Design and Validation of the Brake Disc Assembly of a Formula Student Prototype.

The purpose of this thesis is to analyse all the phases necessary to realize the brake disc assembly of a Formula Student prototype. This thesis was written because, following the analysis of the data collected during previous track tests, the maximum deceleration target was increased. Another objective is to provide support for future members of the Squadra Corse PoliTo Team who will have to design and manufacture a new braking system, to further improve not only the physical components but also the process behind them. The design phase was carried out starting from the existing components and using both analytical calculations and numerical models based on the Finite Element Method (FEM).

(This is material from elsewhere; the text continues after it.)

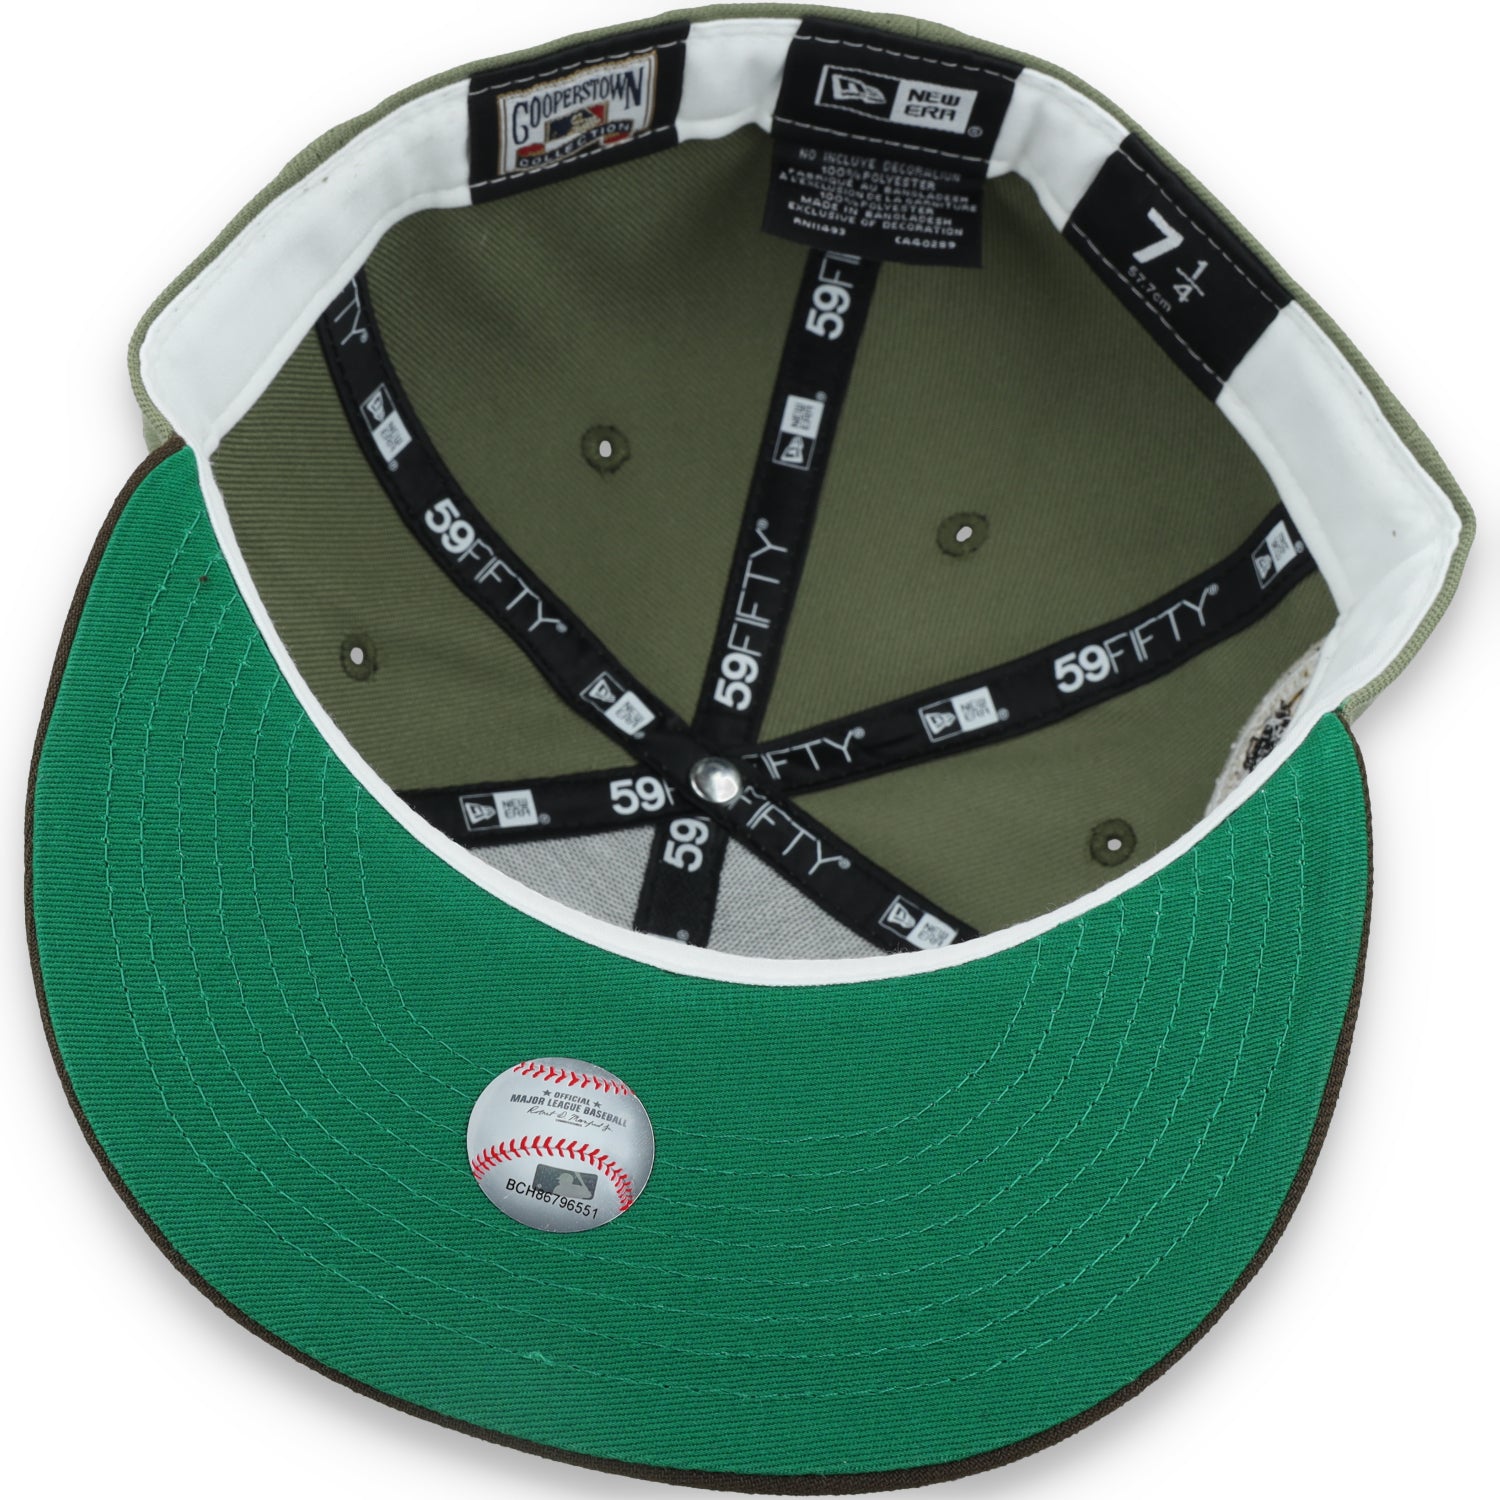 New Era San Diego Padres 40th Anniversary Side Patch 59FIFTY Fitted Hat- Olive Green
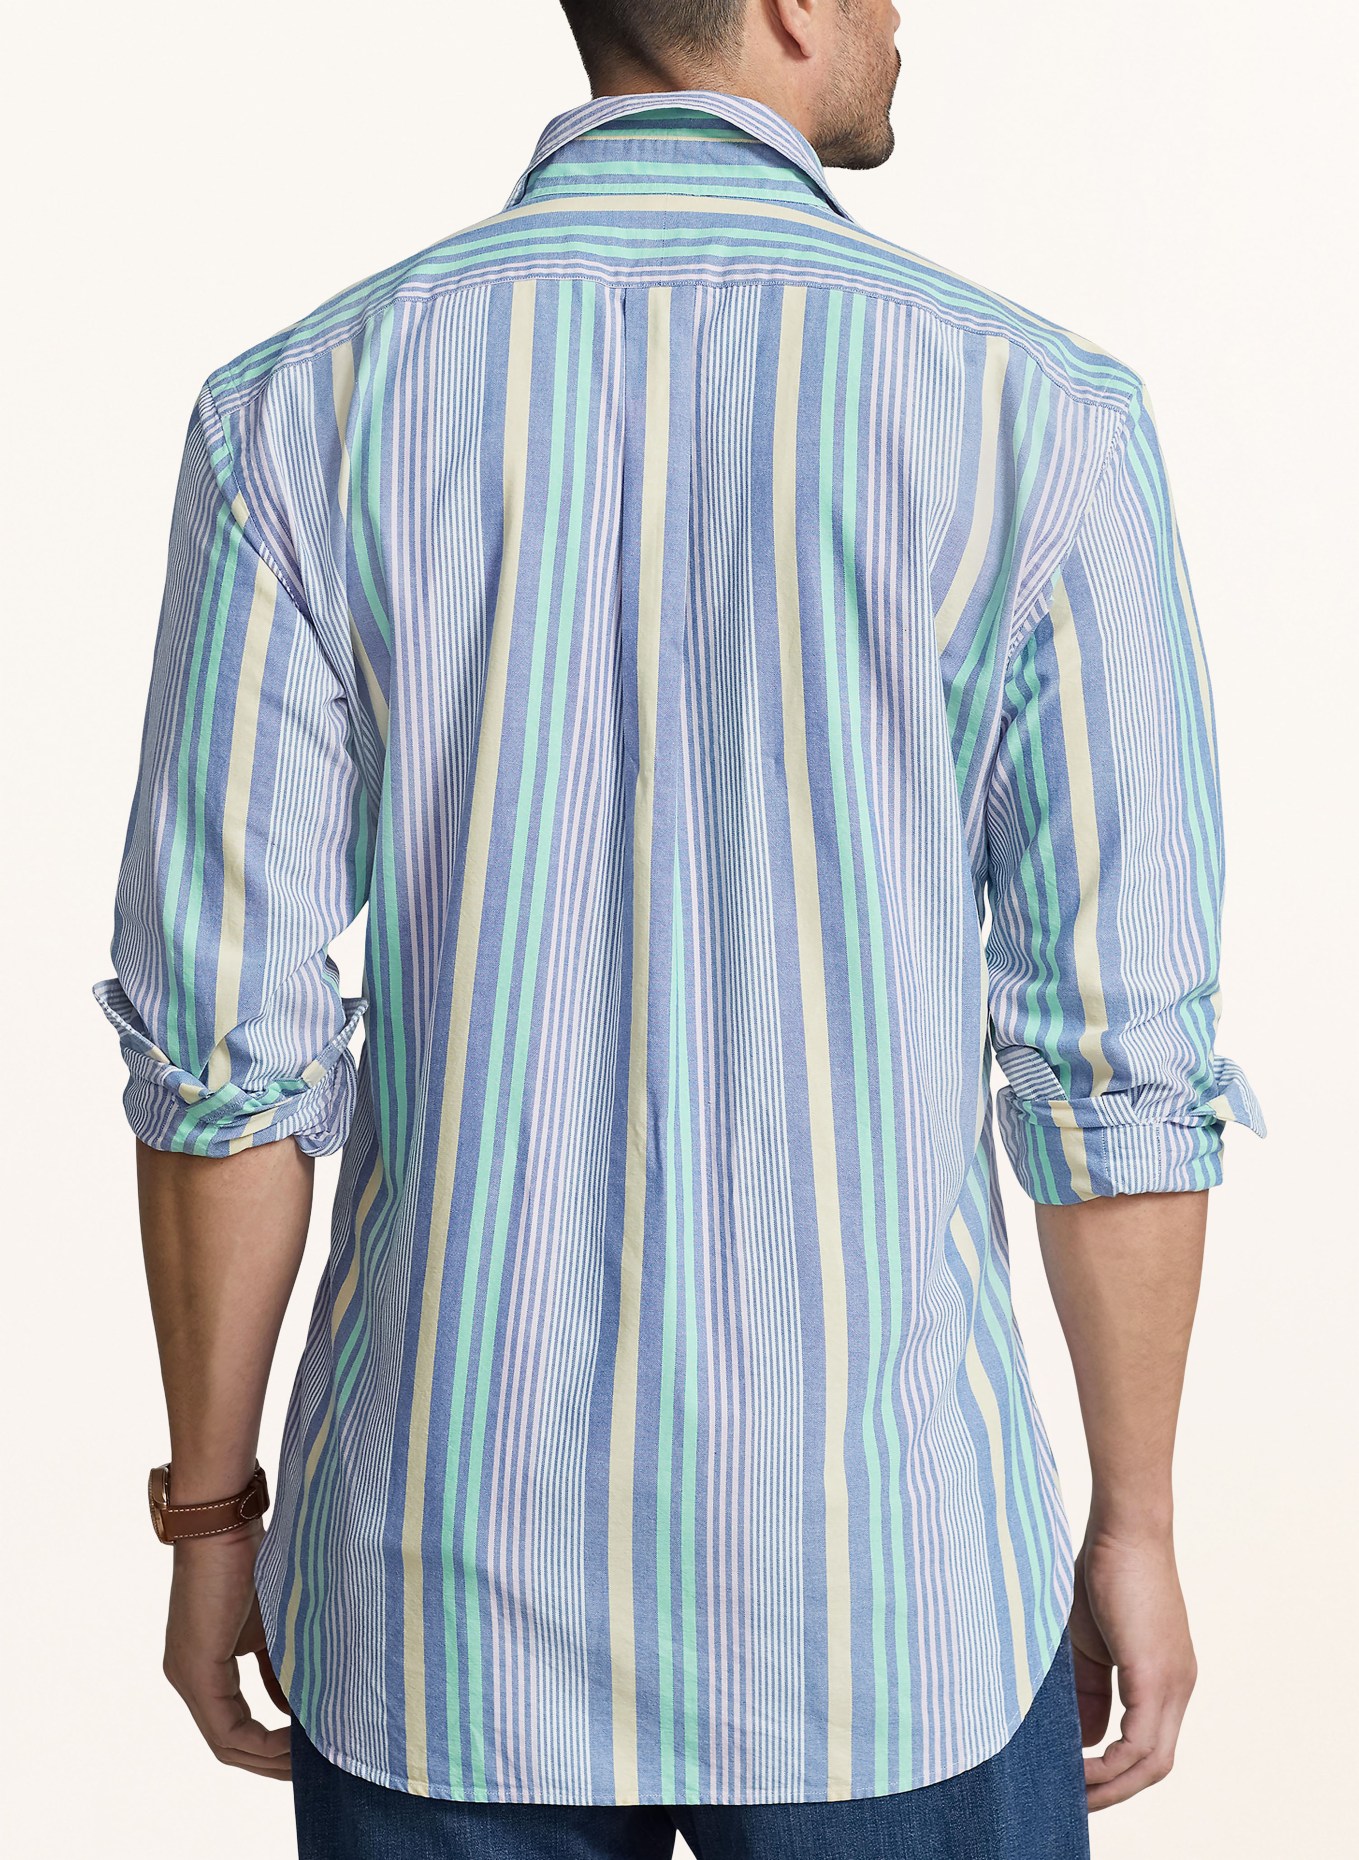 POLO RALPH LAUREN Big & Tall Shirt regular fit, Color: BLUE/ WHITE/ TURQUOISE (Image 3)

The latter were essential to guarantee the desired performance and reliability of the vehicle, which is often the critical aspect of these single seaters. The brake disc assemblies were later bench tested using, as input, data acquired from both track tests of the prototype and virtual simulations. The opportunity to bench test the brake disc assemblies was used mainly to verify that the design and the manufacturing process were adequate to achieve the required characteristics. Using the data measured it was possible to calibrate the numerical model and estimate the temperature of the discs under any working condition, since there was no temperature sensor in the prototype. The temperatures obtained through numerical analyses were similar to the ones measured, with a root mean square error of 12.9 °C for the front brake disc and 8.5 °C for the rear one. Furthermore, thanks to the bench test, additional fundamental parameters were collected, such as the friction coefficients of the brake pads. These parameters are instrumental in designing the components correctly and in characterising the dynamic behaviour of the vehicle. Even though it was possible to calibrate the numerical model and estimate the temperature of the discs, it was found that the limits of the numerical analyses were the high computational time and the inability to use all the parameters available, such as the heat transfer coefficients. For this reason, in addition to the methods previously mentioned and used for this thesis, it would be useful to have another one that simulates the behaviour of the components through the numerical resolution of the differential equations that characterise them.